Я заменяю время прошедшее, настоящее и будущее на время возвратное, время данное и время предполагаемое. Время данное – измеряется жизнью сегодняшнего поколения. Это то, что мы называем "современностью". Время предполагаемое – будущее время. Это область мечты, догадок и предположений. Оно не имеет ни формы, ни измерения, и направление его неопределённо. Наиболее активное время, формирующее и наполняющее внутренним содержанием человека, – время прошлое, или возвратное. Оно и является для человека настоящим. Ощущение возвращающегося прошлого создало человека, противопоставив его животному миру.
В структурном символизме хронологическая последовательность времён разрушается, подчиняясь законам образного структурно-временного пространства.
Искусство делается из искусства. Если окружающую нас действительность не пропустить сквозь эту призму, искусство опускается до ещё одного средства массовой информации.
Стихия искусства не в познании мира или его отражении, а в создании неведомых духовных пейзажей.
Принято думать, что художник раскрывает себя в своих произведениях. Совсем обратное: художник шифрует своё "я" системой иероглифов. Прочесть их дано не каждому, и последний из символов прочтению не поддаётся.
Философ Шпенглер определял современное пространство как "безграничное, музыкально движущееся бытие". Я использовал нотное письмо в живописи как графические ритмы, символизирующие музыку в пространстве картины. Чёрно-белая символика нотных строк – это своего рода ткацкая основа, на которую ложатся слои цветовых лессировок.

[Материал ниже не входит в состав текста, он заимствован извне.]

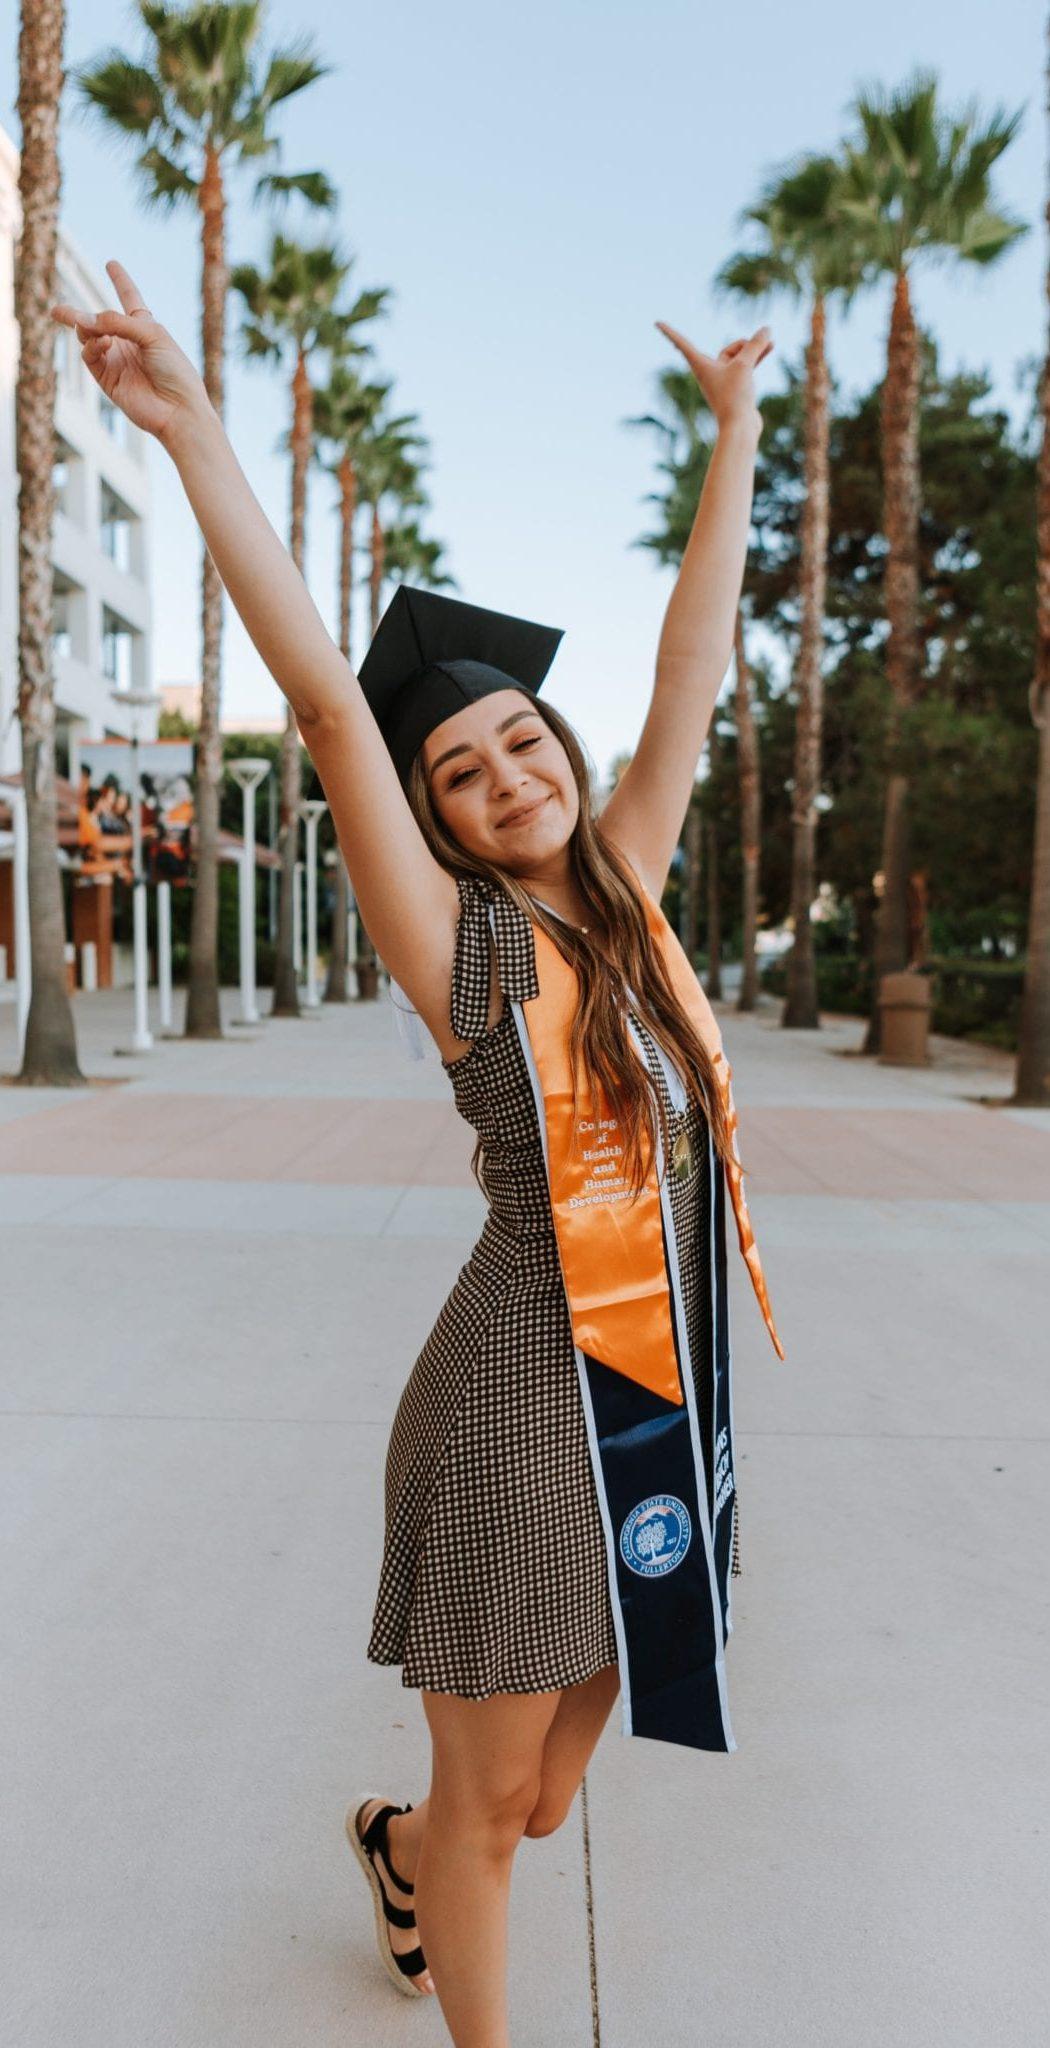 student - studenti - elab education - ielts - studiare all'estero - study abroad -students elab

Ницше писал: "Факта не существует, существует его интерпретация". Эта идея касается и моих работ. Коснувшись той или иной культуры, мы оказываемся в двойственном мире несовпадений действительности и представлений о ней. Двойная калька наложений возвратного времени и времени данного обрисовывает картографию тех или иных цивилизаций в моих картинах и порождает прорыв в миф ещё не состоявшегося.